New York Kisses For Mulgrew Less Enthusiasm For Play

March 11, 2003 

By FRANK RIZZO, Courant Staff Writer 

 
Critics loved Kate but were less enamored of "Kate," at the least the Kate Hepburn depicted on stage in Matthew Lombardo's "Tea at Five," which opened in New York Sunday.

The show made its way to off-Broadway's Promenade Theatre following popular runs in other cities, beginning with its premiere last spring at Hartford Stage.

Once again, Kate Mulgrew received praise for her performance in the one-person show based on the life of Katharine Hepburn, who at 95 and in frail health still lives in her family home in the Fenwick section of Old Saybrook.

The official response of the Hepburn family when the show made its debut in Hartford was to call it "trash," but critics were more kind to the work, which depicts Hepbrun at age 31 and at 76.

"Mulgrew yes; `Tea at Five' no," said Donald Lyons in the New York Post, writing that the play "is the latest instance of that essentially cheesy genre, the celeb looking back on life and career."

But Howard Kissel in the New York Daily News called the evening "sheer fun," as well as "well-designed and directed and splendidly acted."

Gordon Cox of Newsday says "Mulgrew's performance, strong as it is, sometimes isn't enough to carry playwright Matthew Lombardo's script, which is always affectionate but often graceless. `Tea at Five' falls into the traps common to a one-act stage biography.

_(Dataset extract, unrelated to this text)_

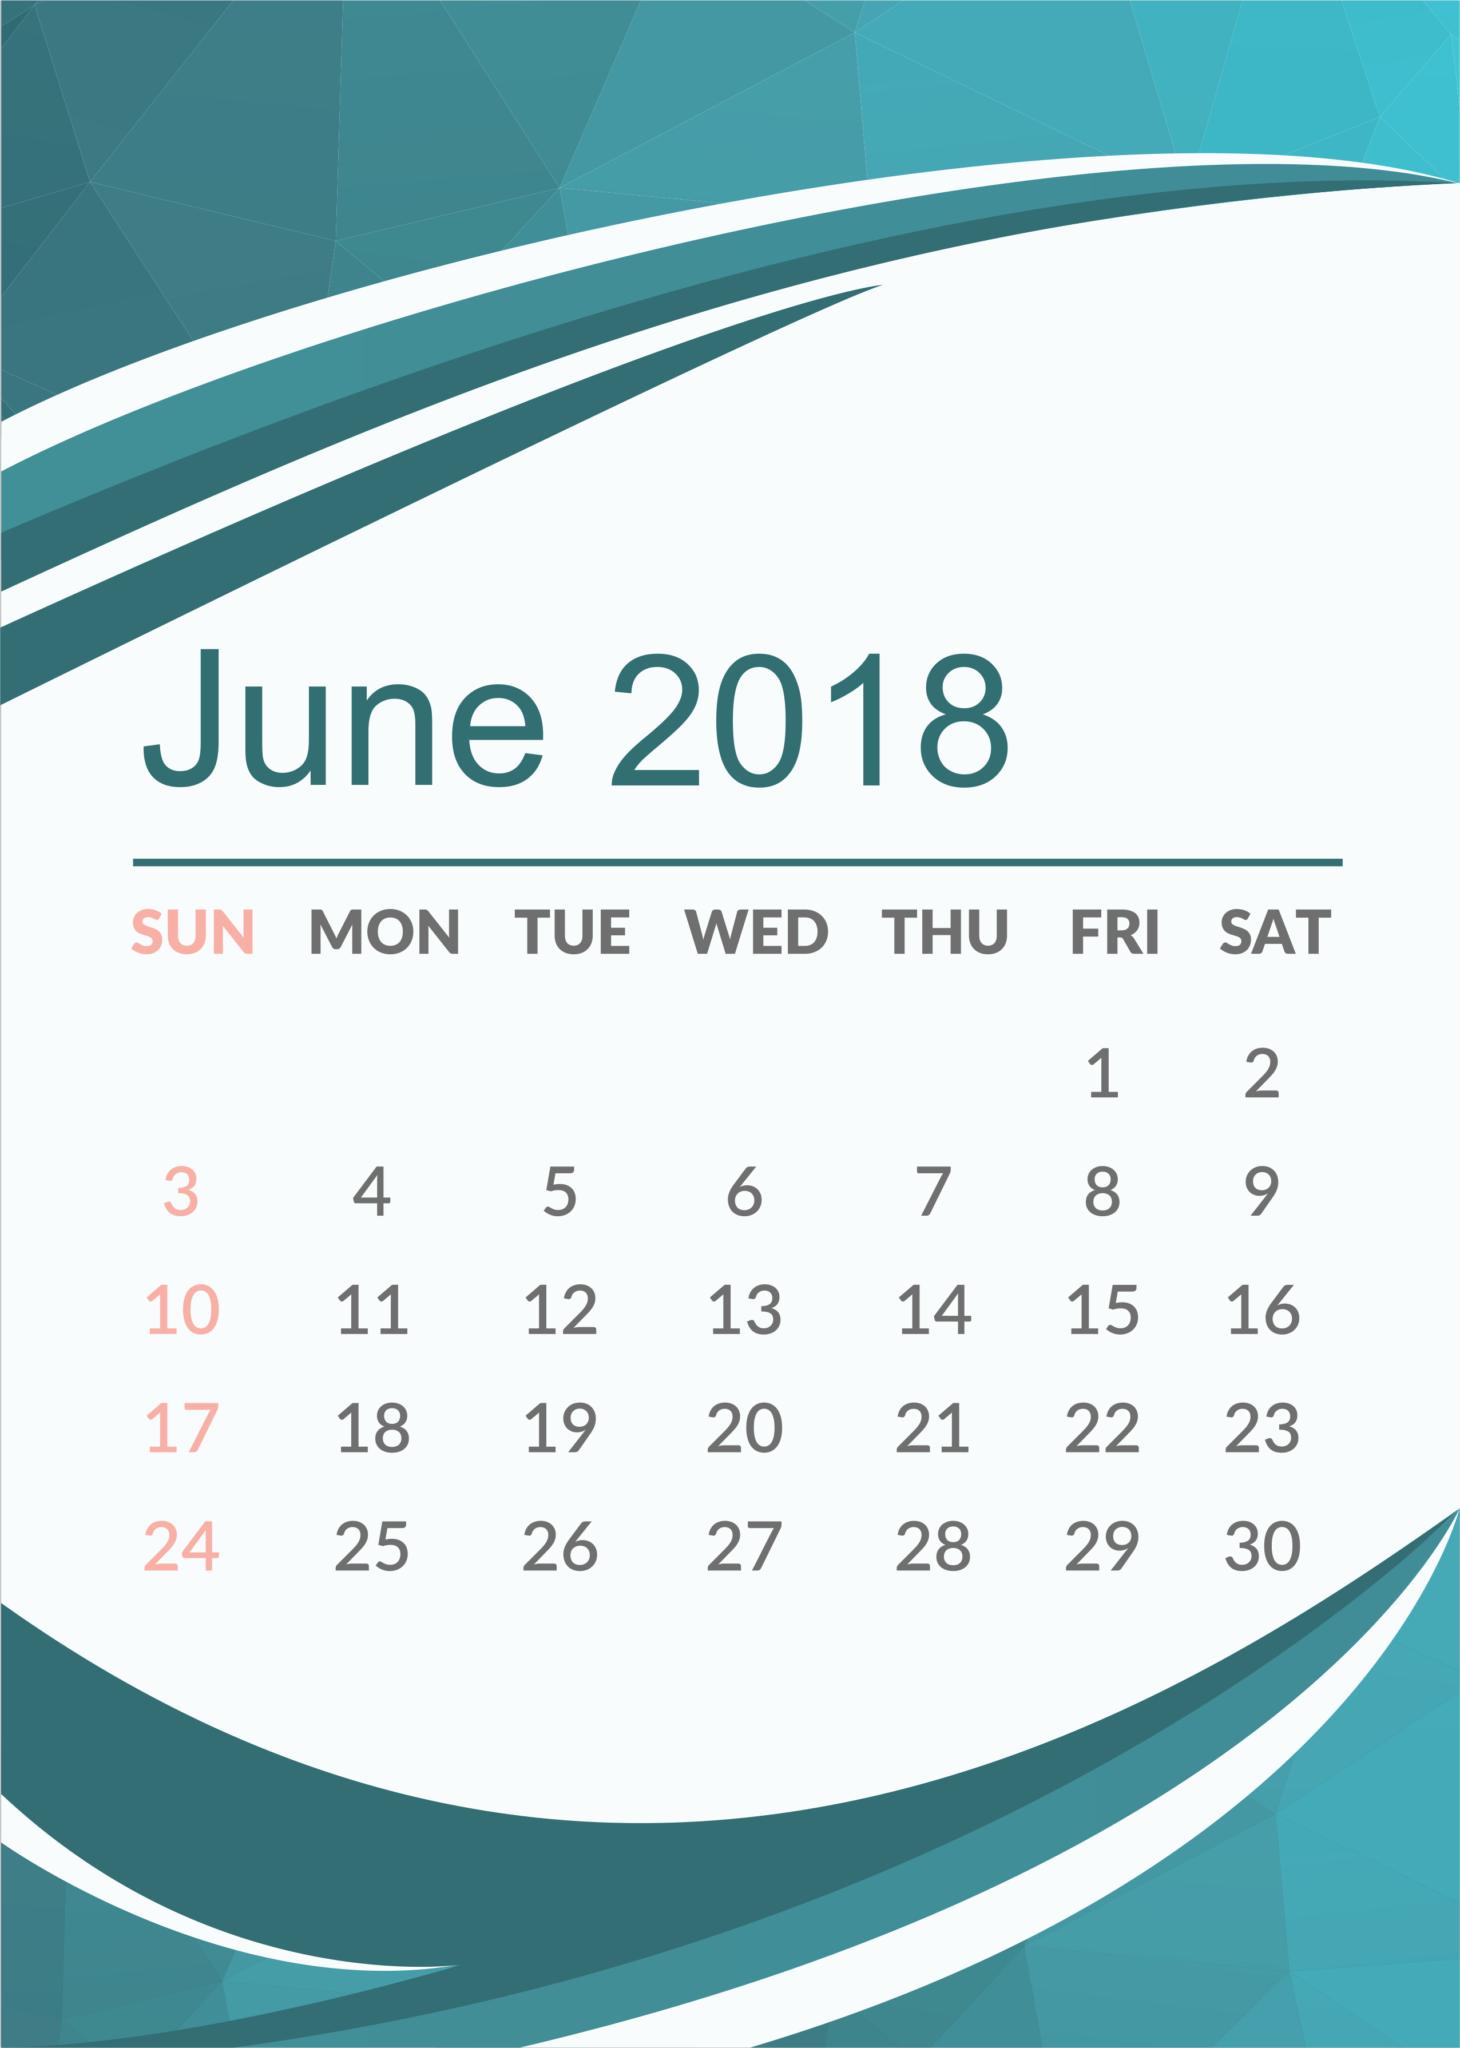 June 2018 Calendar Wallpaper

But it should still satisfy those theatergoers for whom this sort of thing is their cup of tea."

The New York Times - the most significant of New York reviews - did not weigh in for Monday's paper. It sometimes does not run reviews for off-Broadway shows the day after the opening.Christopher Isherwood, writing for Variety, referred to the "Tea" script as "an affectionate portrait ... a skillfully constructed and thoroughly workmanlike bio-drama." He called Mulgrew's performance "remarkable" and said it "infuses [the play] with crisp, appealing life, not to mention eerie verisimilitude."

William Stevenson, writing for the website Broadway.com, called it "an OK play." "While true Hepburn fans won't learn that much about the star that hasn't been printed in articles and books, they're bound to admire Mulgrew's impersonation."

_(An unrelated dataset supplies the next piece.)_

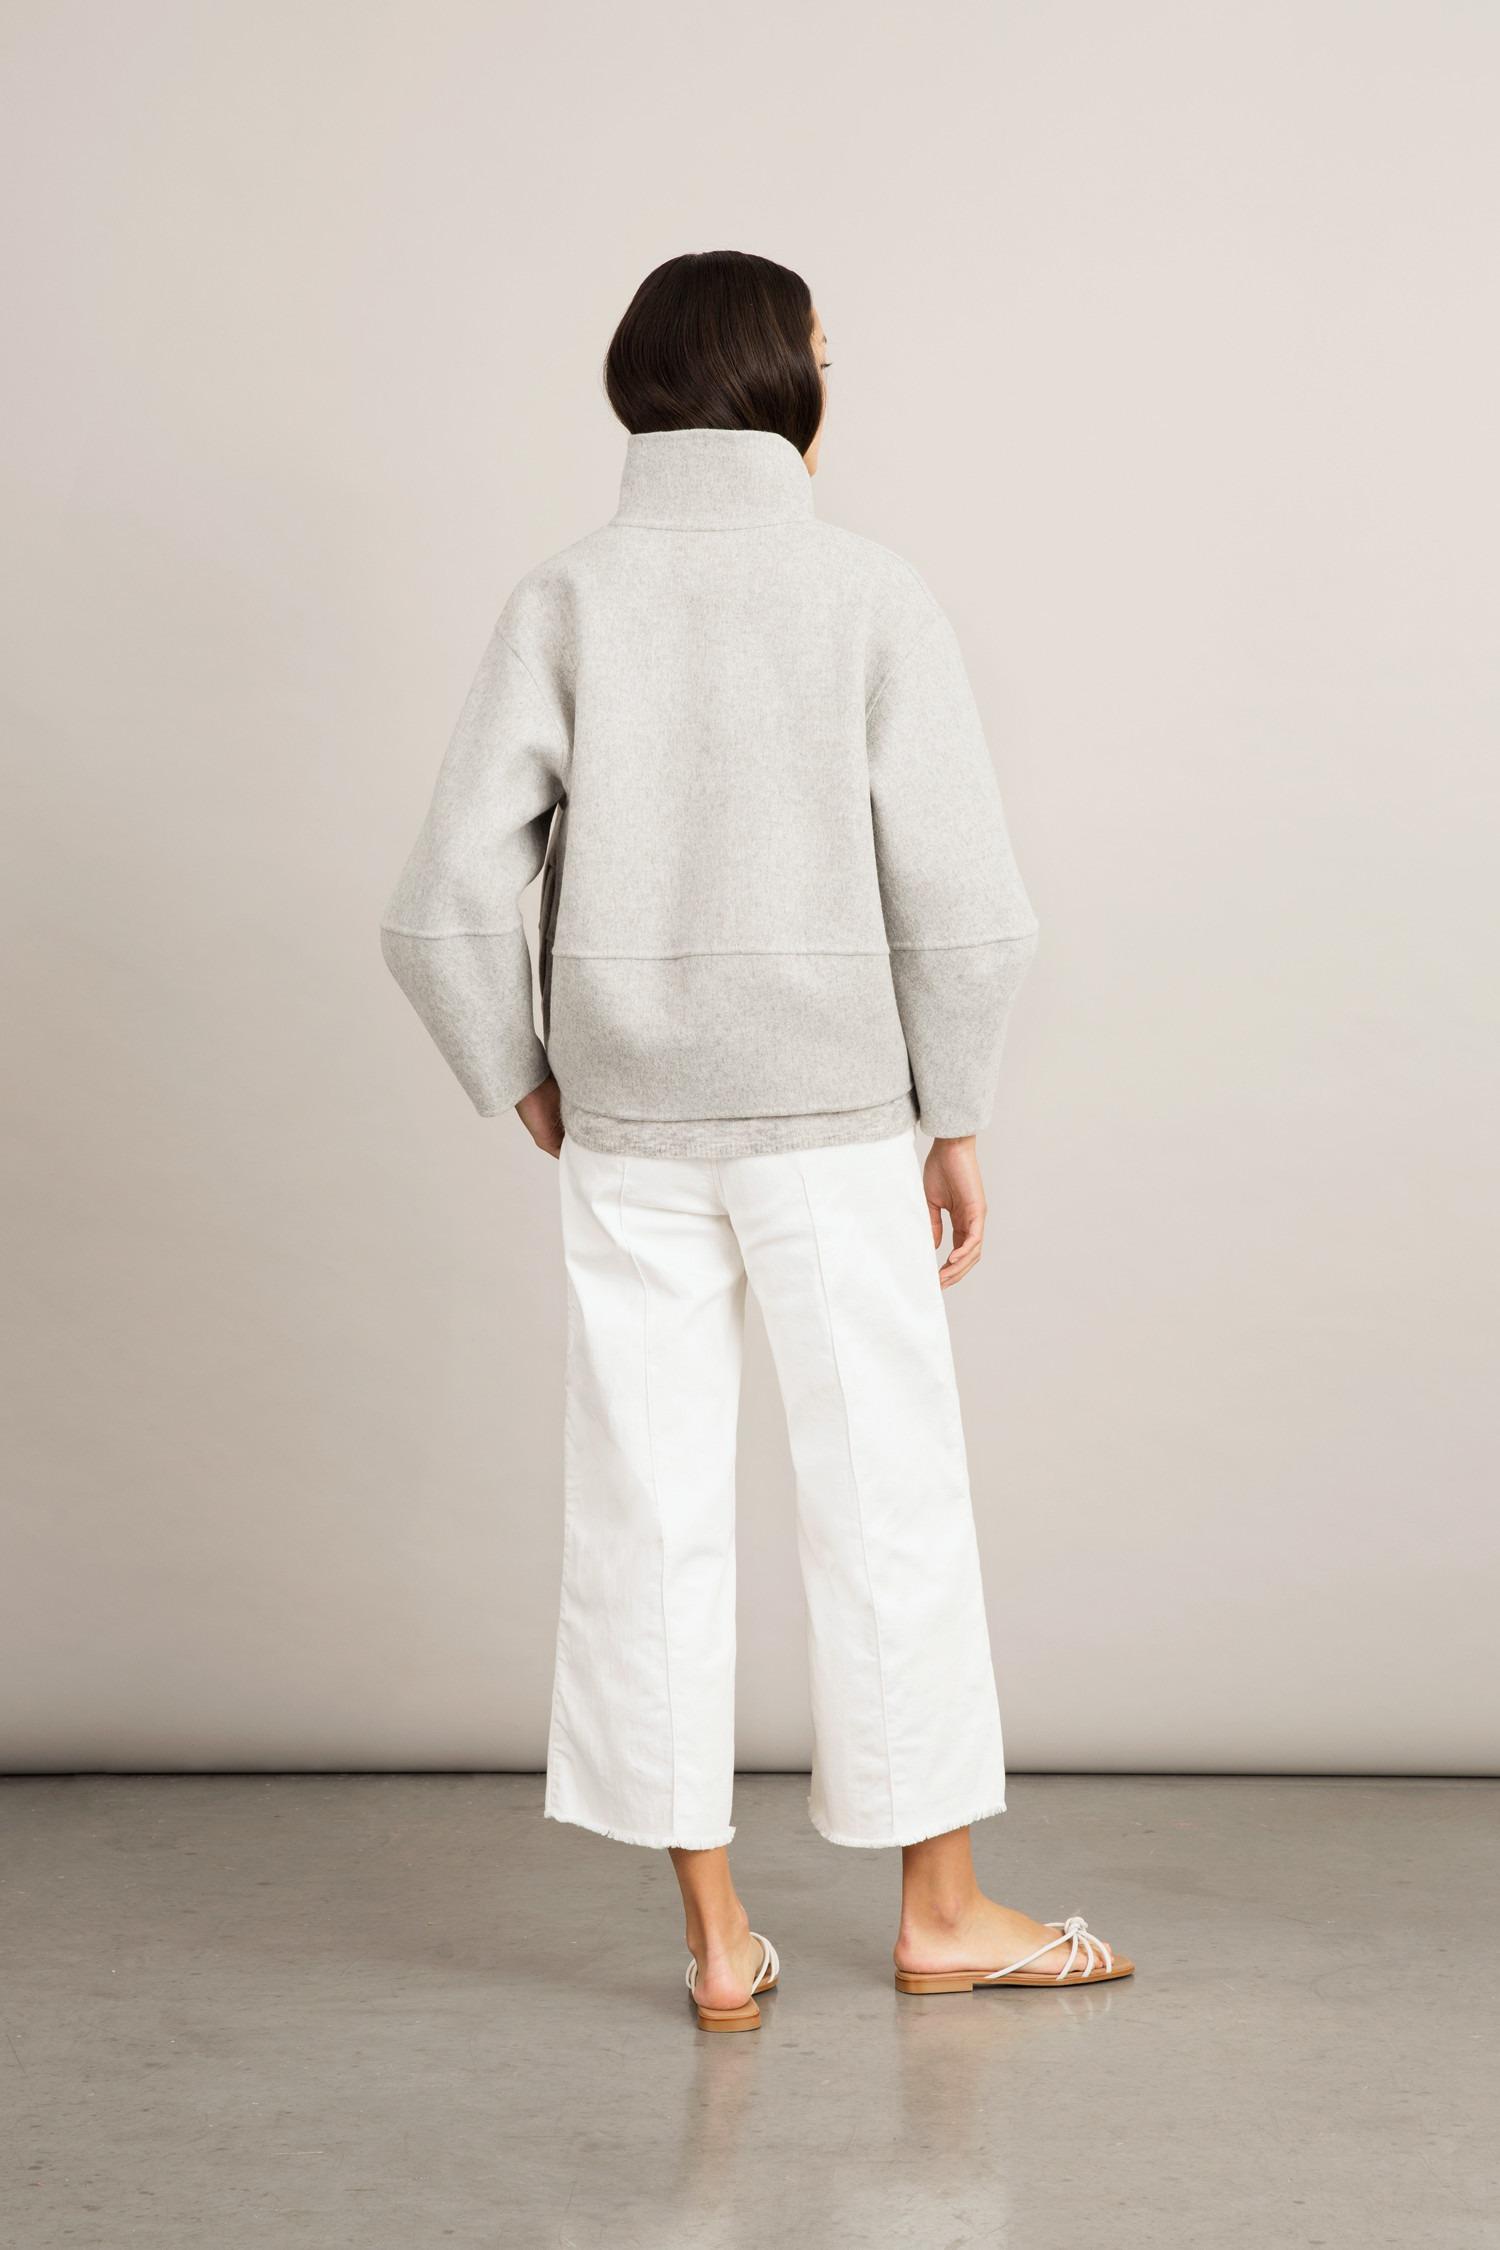 Stylein - Taormina Jacket - Back

David Finkle, writing for the Theatermania.com, wrote of Mulgrew's "spectacular performance." But he also complained of a tendency toward caricature. "There's a whiff of a drag act here. ... A strong and colorful woman is simultaneously celebrated and mocked."

With mixed reviews, the forecast for the production is uncertain. However, with plenty of favorable notices for Mulgrew and enough lift-out quotes for the production and the play, it might duplicate its success elsewhere. The show played to sold-out houses in Hartford, at the American Repertory Theatre in Cambridge, Mass., and at the Cleveland Play House, despite mixed reviews in those cities as well.

In reviewing the New York production, which has been rewritten since its Hartford run, The Courant's theater critic Malcolm Johnson said: "Seen a second time, the play itself comes across as an even thinner piece than initially seemed. ... Finally, there is no real point to this two-hour solo, other than the display of Mulgrew's uncanny transformations."